Let ${}^{n}C_{r - 1} = 28$ , ${}^{n}C_{r} = 56$ and ${}^{n}C_{r + 1} = 70$ . Let A(4 cos t, 4 sin t), B(2 sin t, – 2 cos t) and C(3r – n, $r^{2}$ – n – 1) be the vertices of a triangle ABC, where t is a parameter.

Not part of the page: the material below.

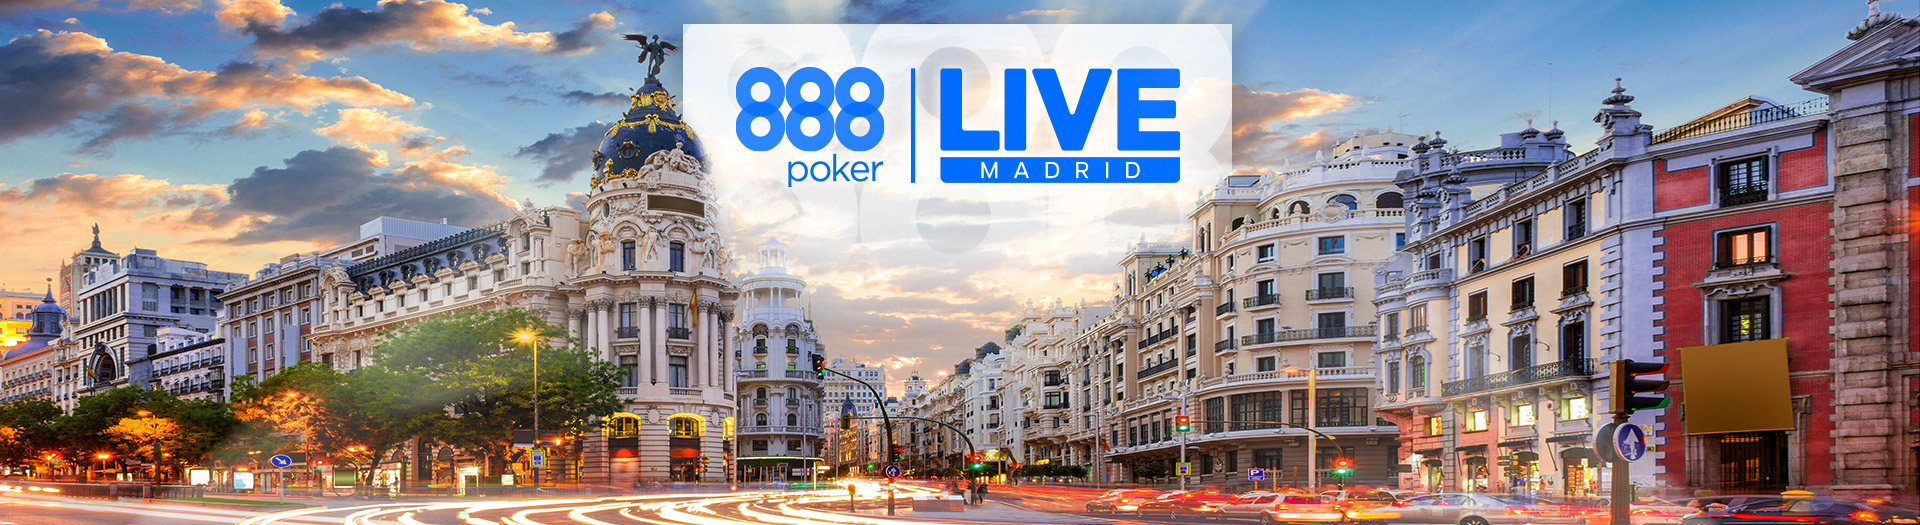 TS-39001-Live-Madrid-main-image_LP-1669197037390_tcm2000-572795

If ${(3 x - 1)}^{2} + {(3 y)}^{2} = α$ , is the locus of the centroid of triangle ABC, then $α$ equals [2025]

1 18

2 8

3 20

4 6

Ans.
(3)

We have, ${}^{n}C_{r - 1} = 28$ , ${}^{n}C_{r} = 56$ and ${}^{n}C_{r + 1} = 70$

$\frac{{}^{n}C_{r - 1}}{{}^{n}C_{r}} = \frac{28}{56} \Rightarrow \frac{n!}{(r - 1)! (n - r + 1)!} \times \frac{r! (n - r)!}{n!} = \frac{1}{2}$

$\Rightarrow \frac{r}{(n - r + 1)} = \frac{1}{2} \Rightarrow 3 r = n + 1$ ... (i)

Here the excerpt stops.